---------- RECORDED DATA ----------

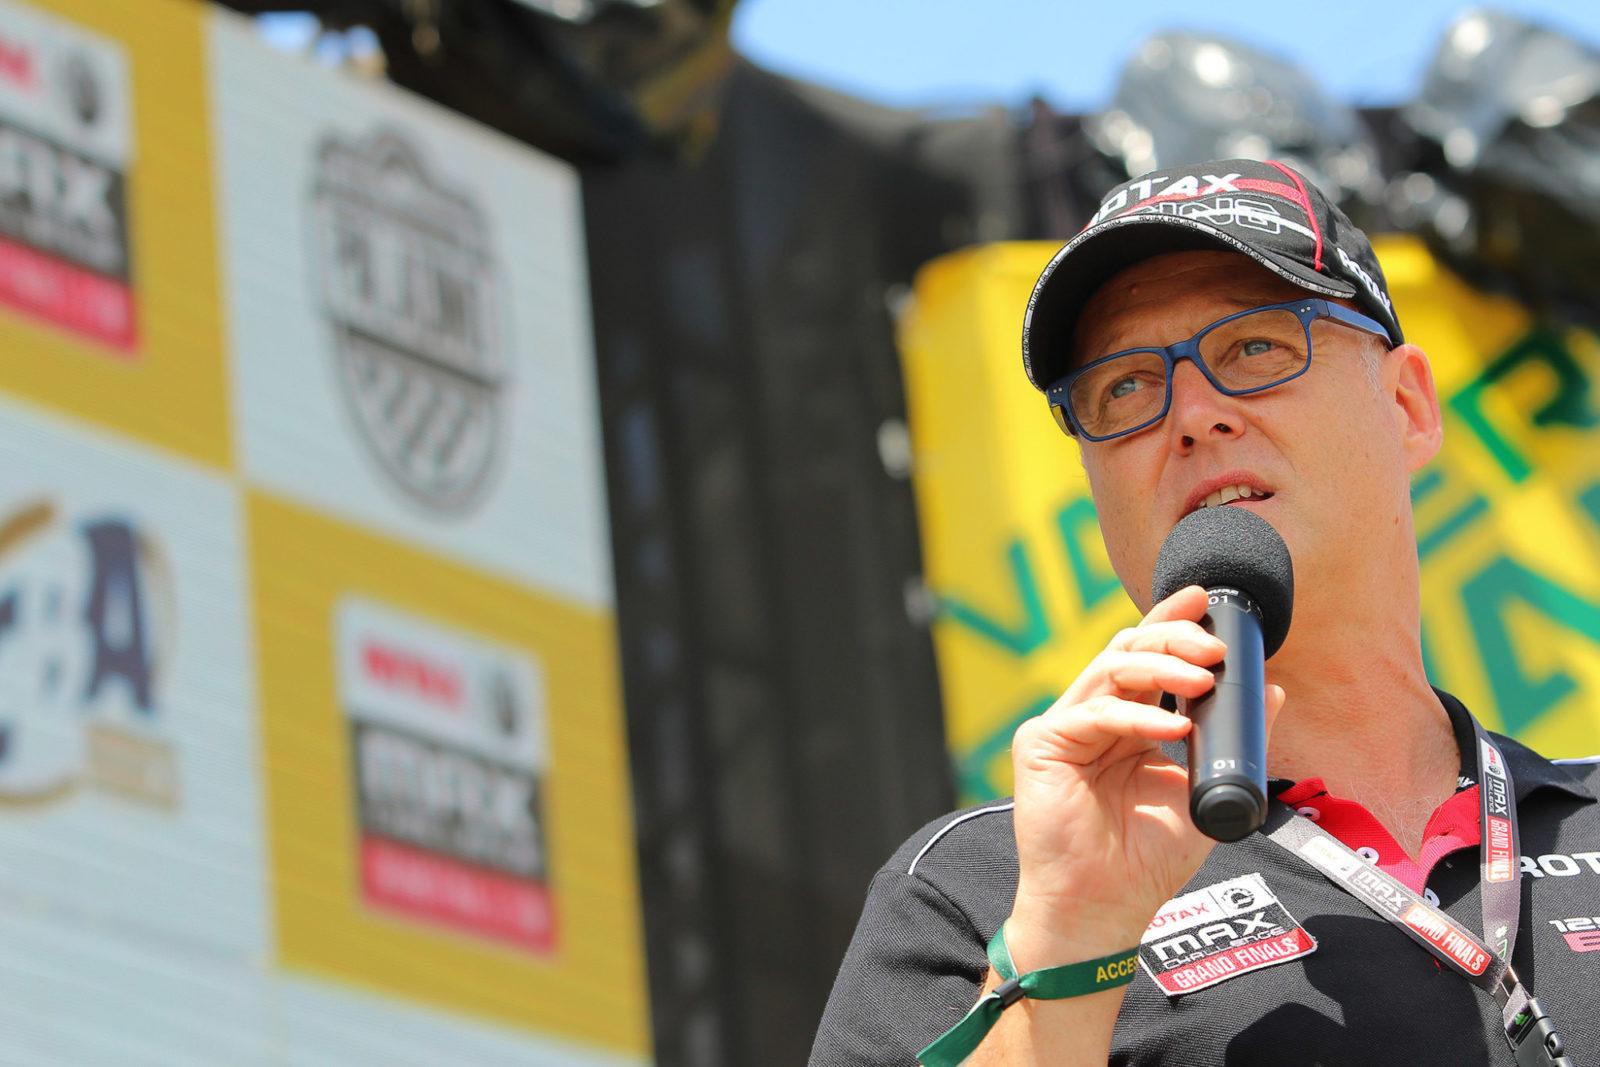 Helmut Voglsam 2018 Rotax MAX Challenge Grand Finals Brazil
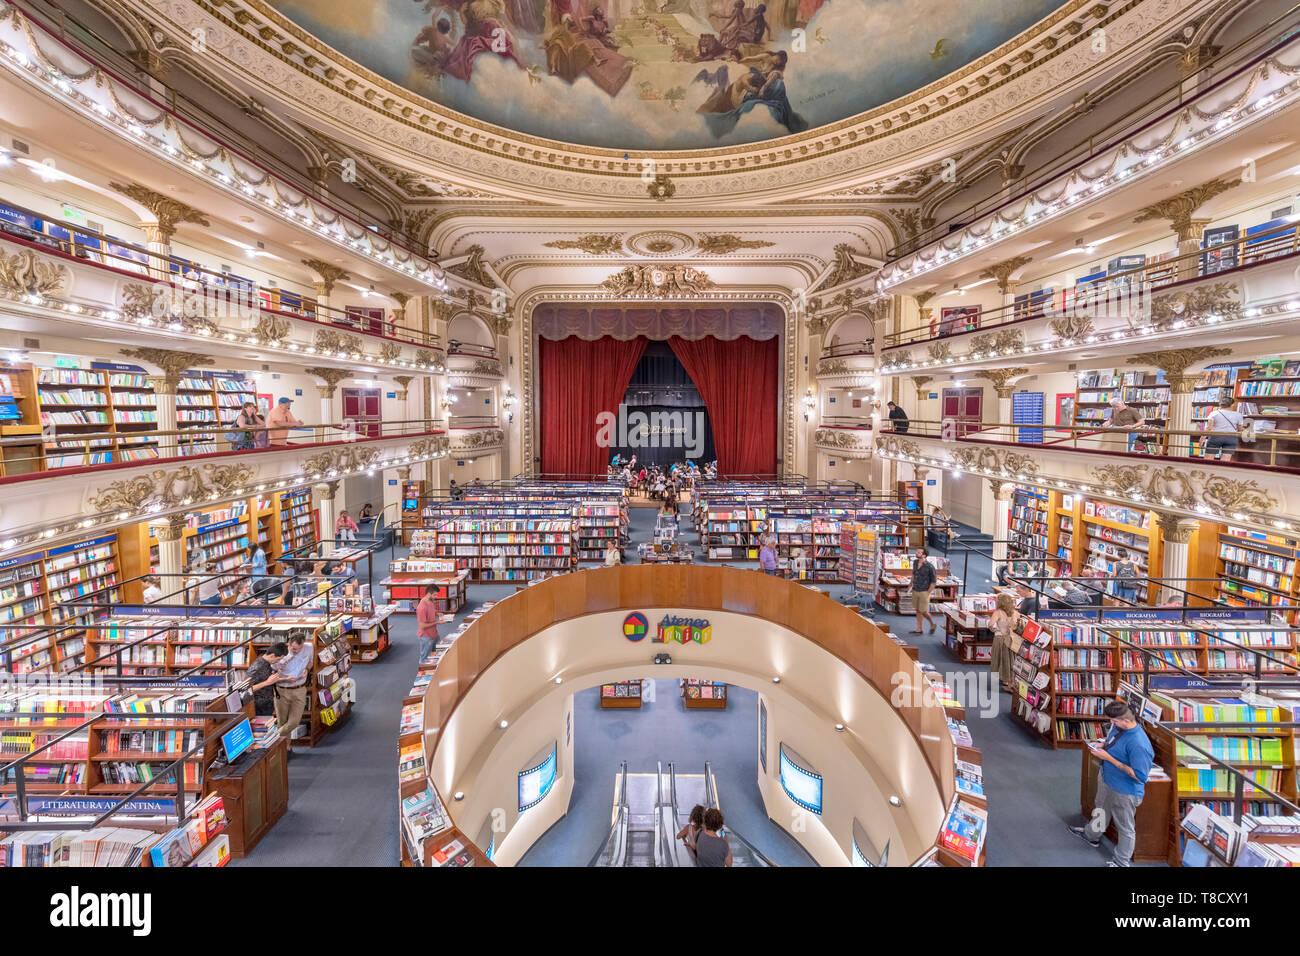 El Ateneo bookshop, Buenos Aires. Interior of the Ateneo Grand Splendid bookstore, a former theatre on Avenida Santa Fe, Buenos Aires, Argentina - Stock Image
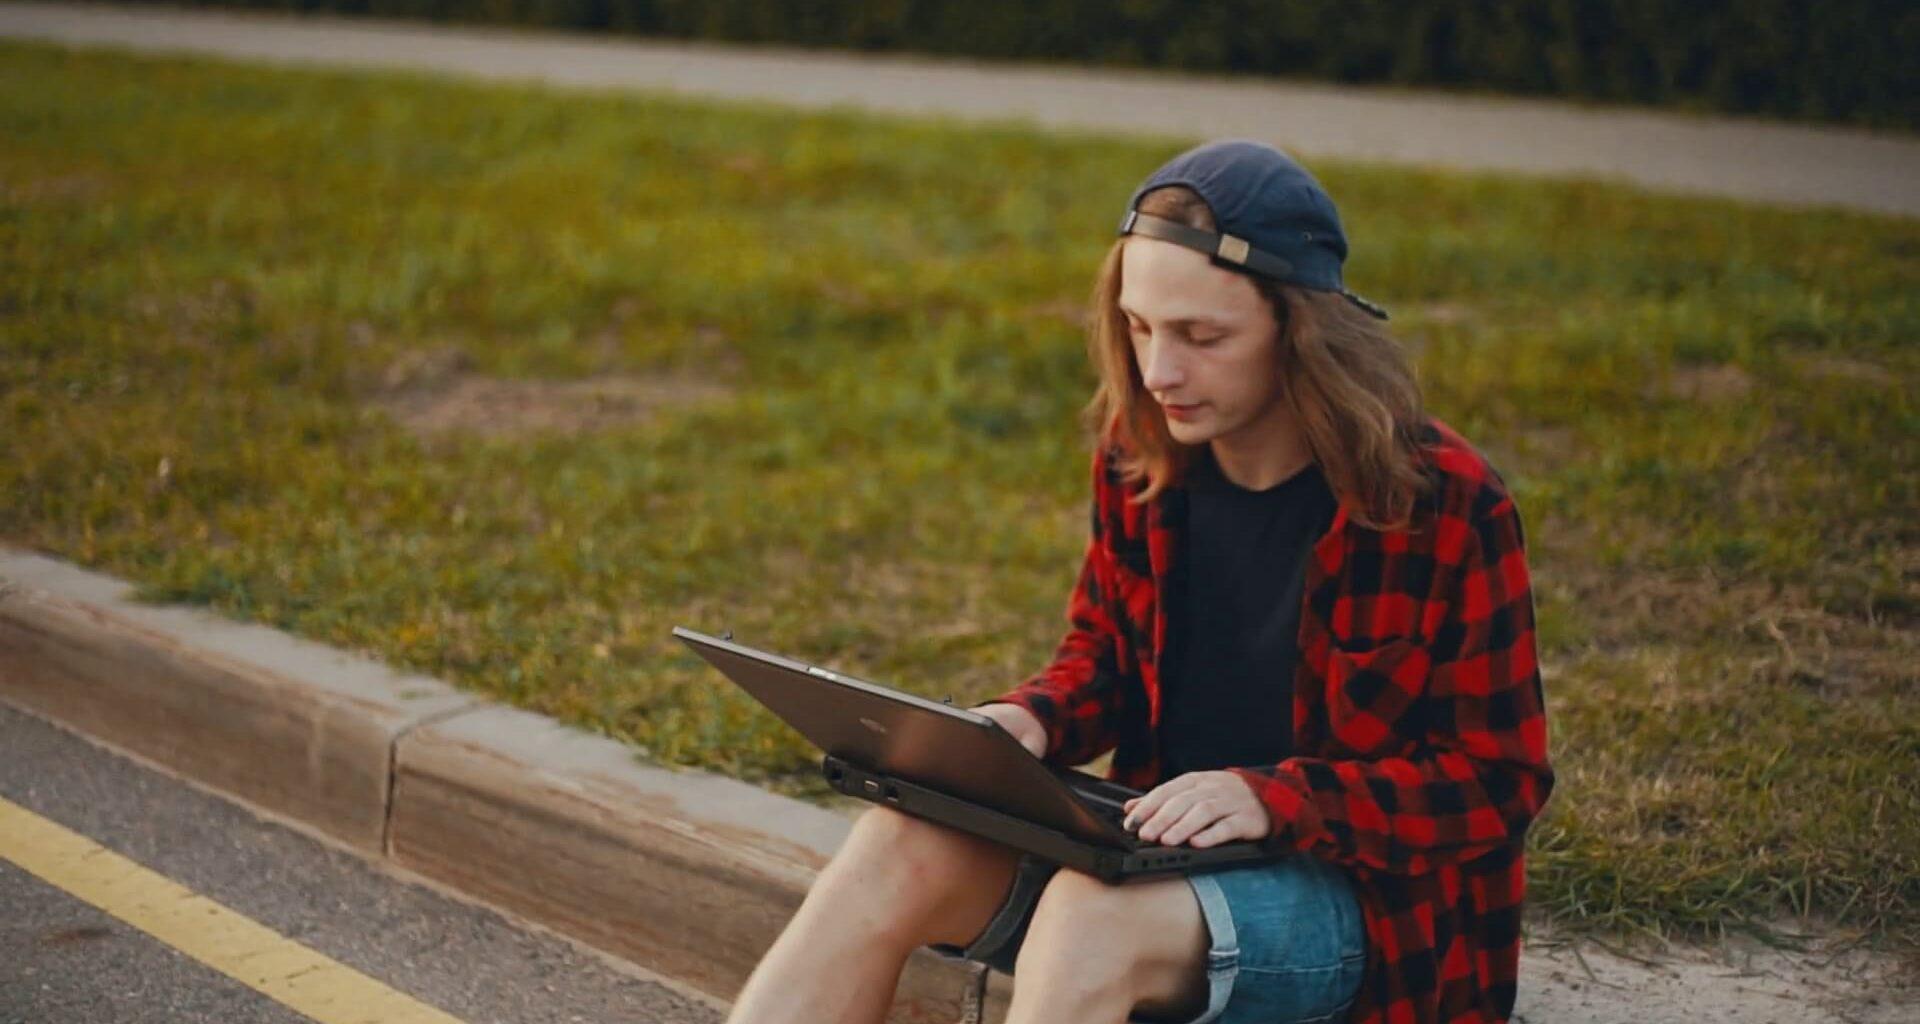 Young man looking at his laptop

----------

**WHAT IS EXPECTED:**
Repeat the listing above word for word and leave its images out.

**TASK OUTPUT:**
 Helmut Voglsam 2018 Rotax MAX Challenge Grand Finals Brazil
 El Ateneo bookshop, Buenos Aires. Interior of the Ateneo Grand Splendid bookstore, a former theatre on Avenida Santa Fe, Buenos Aires, Argentina - Stock Image
 Young man looking at his laptop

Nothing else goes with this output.